■ **DATASET EXTRACT**:
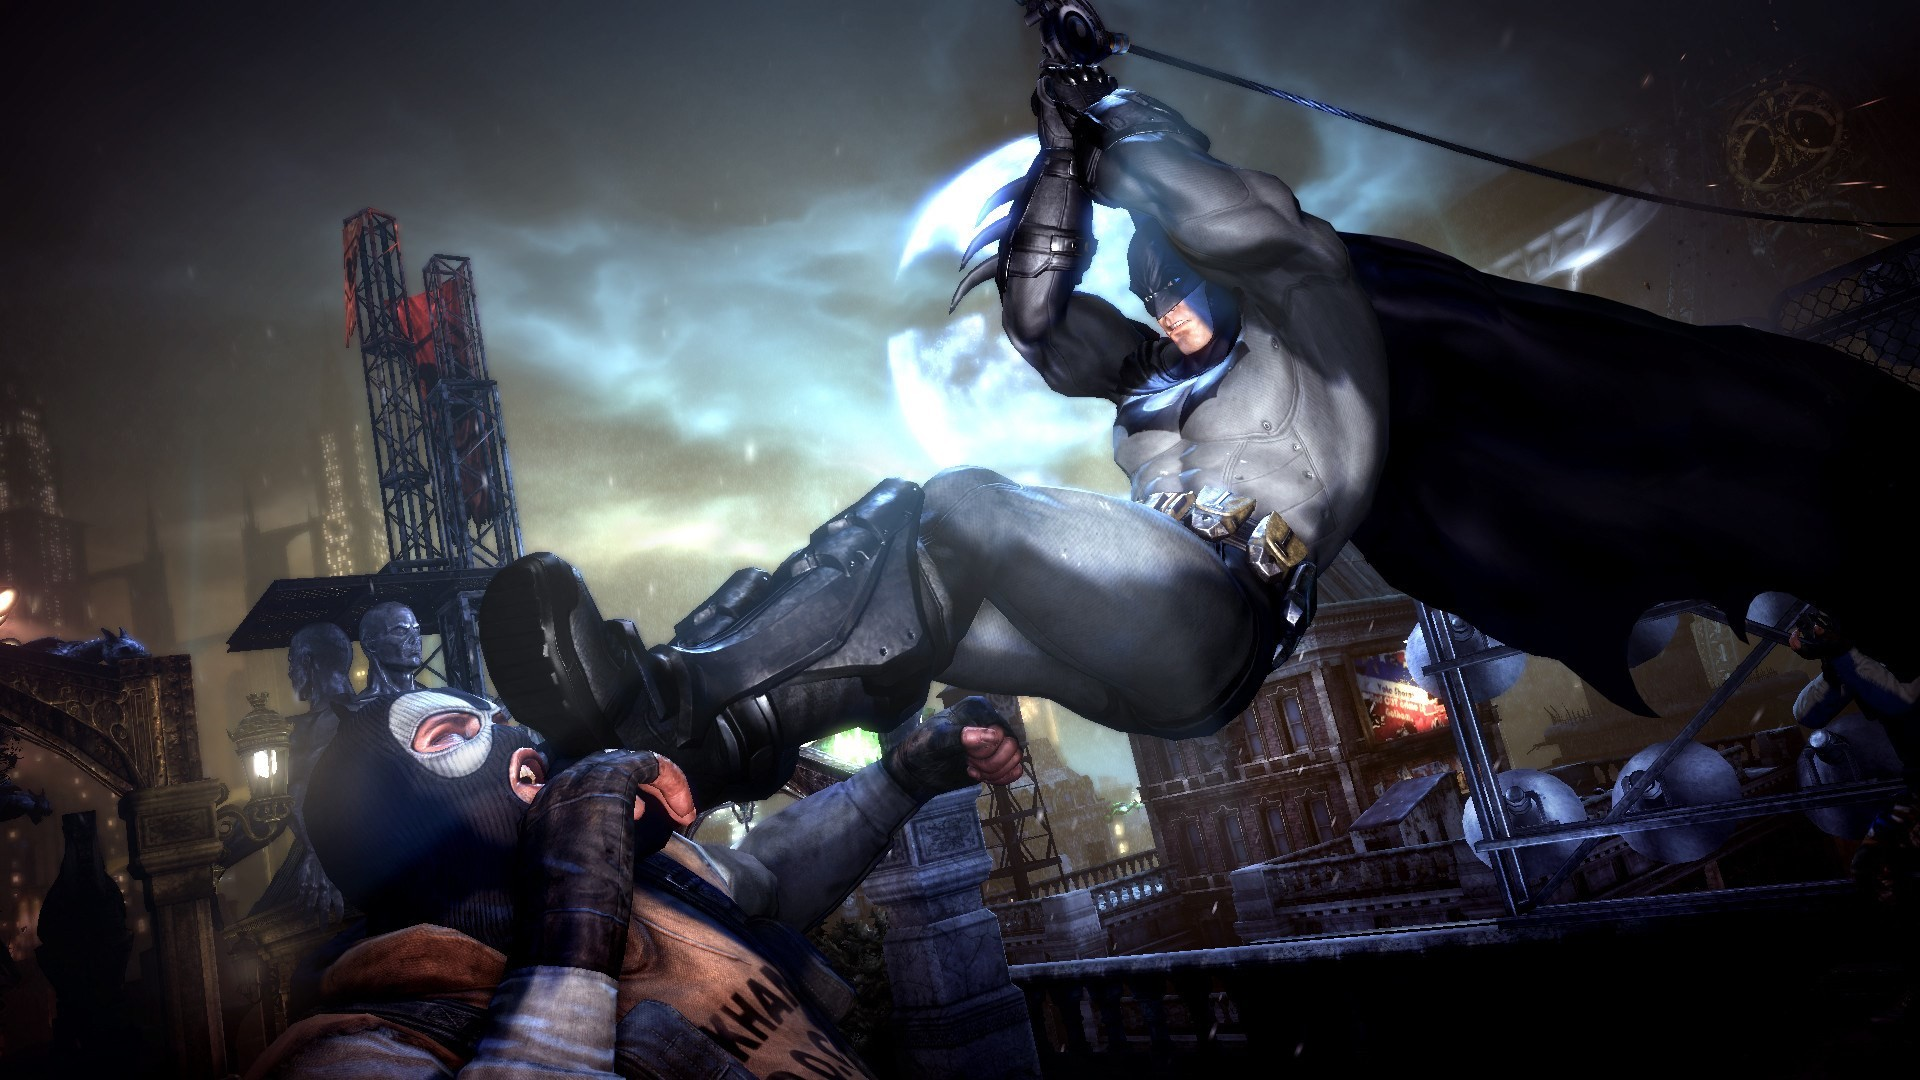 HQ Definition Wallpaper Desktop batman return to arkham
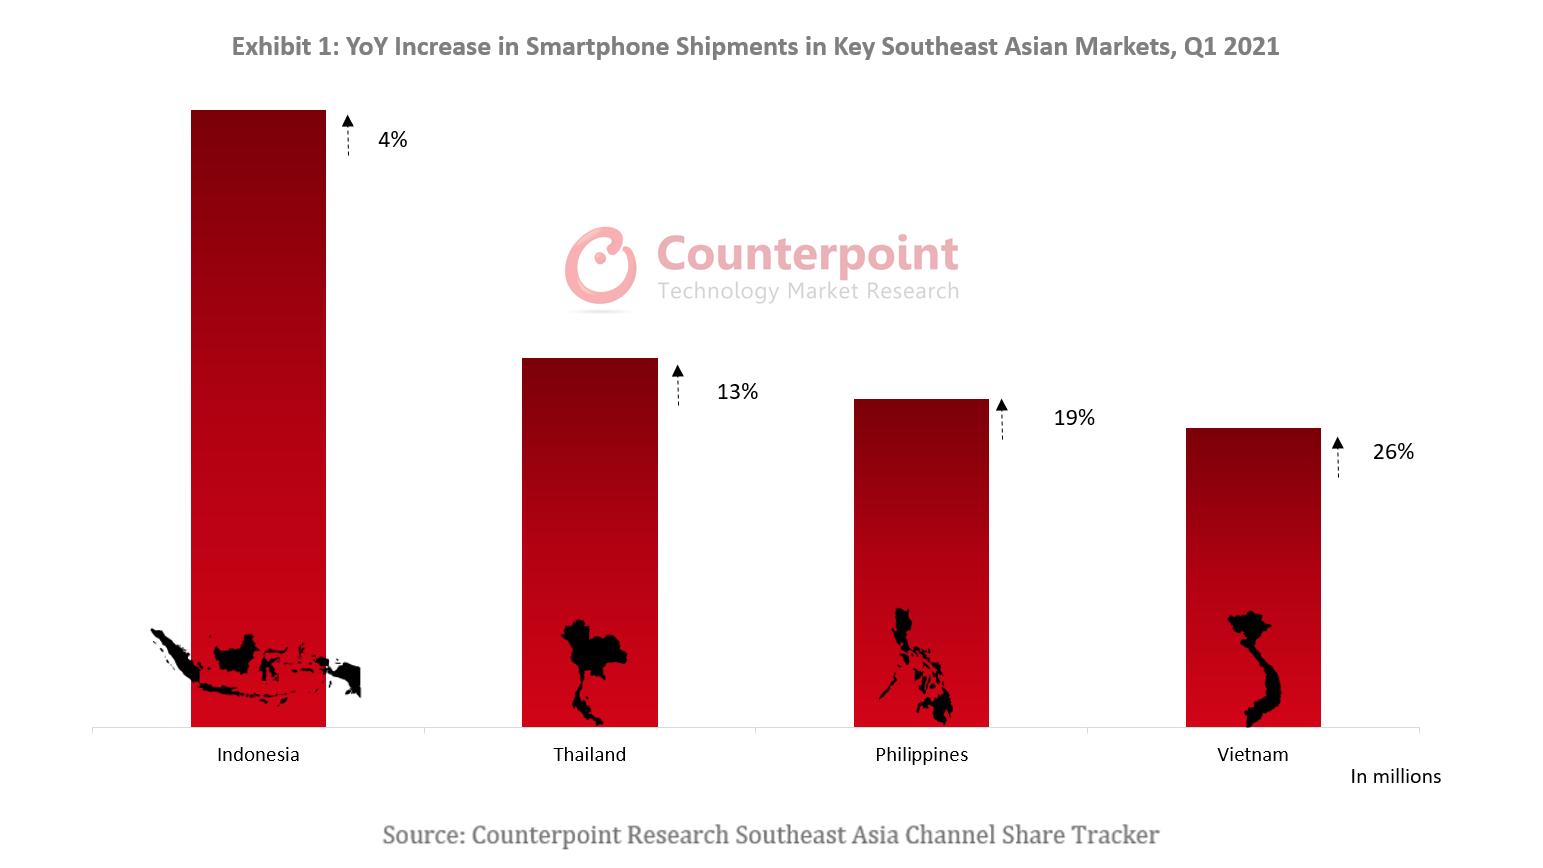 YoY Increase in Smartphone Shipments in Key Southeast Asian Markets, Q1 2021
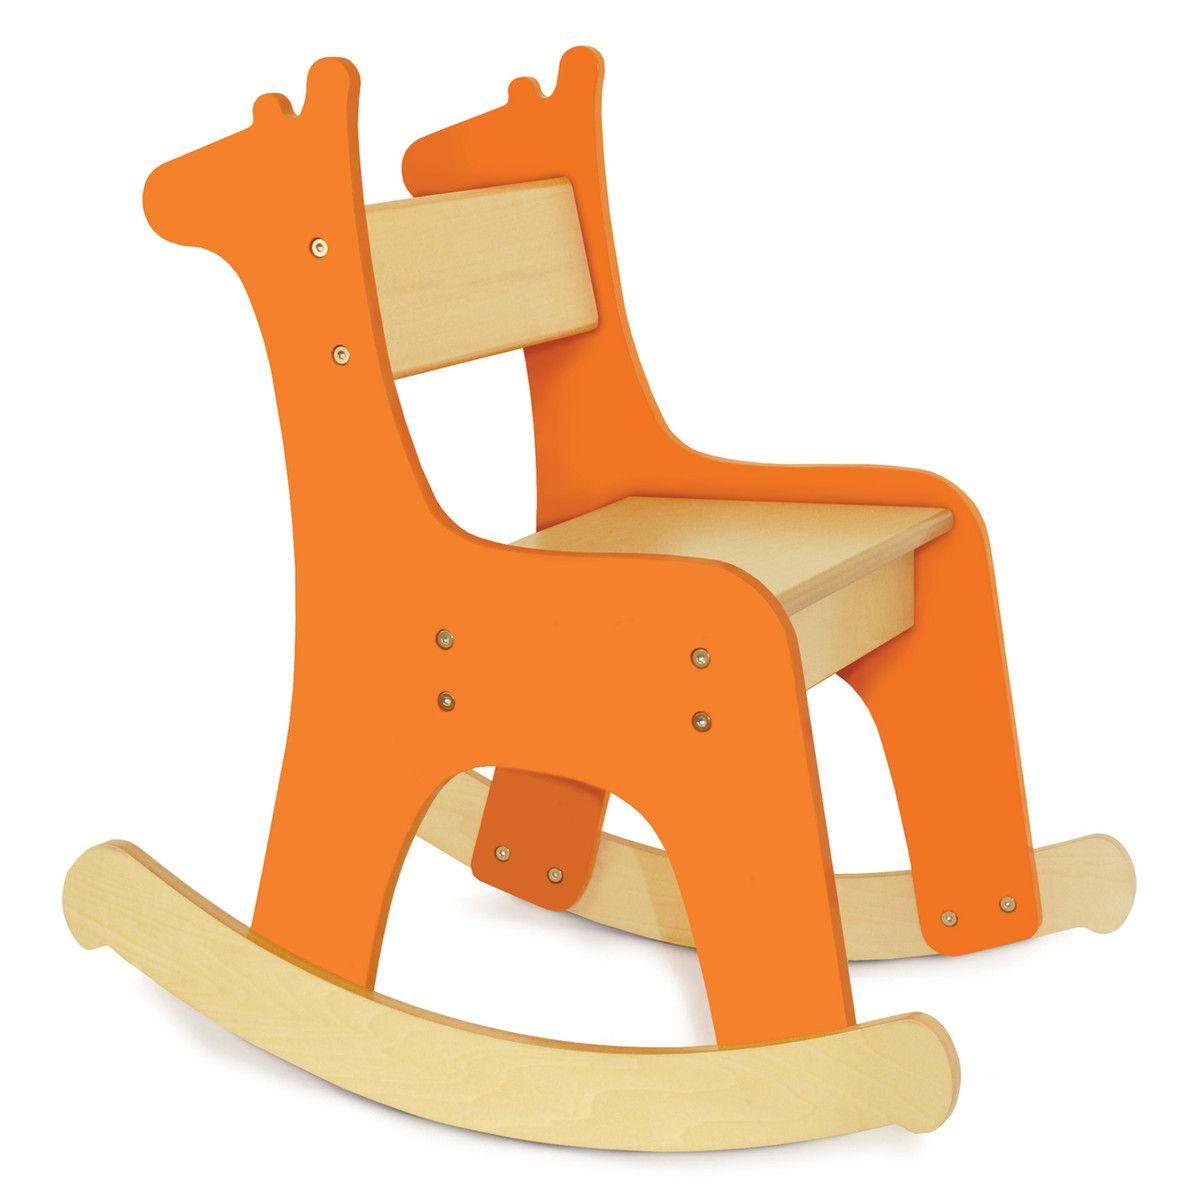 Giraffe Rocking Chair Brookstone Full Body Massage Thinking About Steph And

■ **INSTRUCTIONS TO FOLLOW**:
Give back the full listing exactly, with pictures dropped.

■ **SOLUTION**:
 HQ Definition Wallpaper Desktop batman return to arkham
 YoY Increase in Smartphone Shipments in Key Southeast Asian Markets, Q1 2021
 Giraffe Rocking Chair Brookstone Full Body Massage Thinking About Steph And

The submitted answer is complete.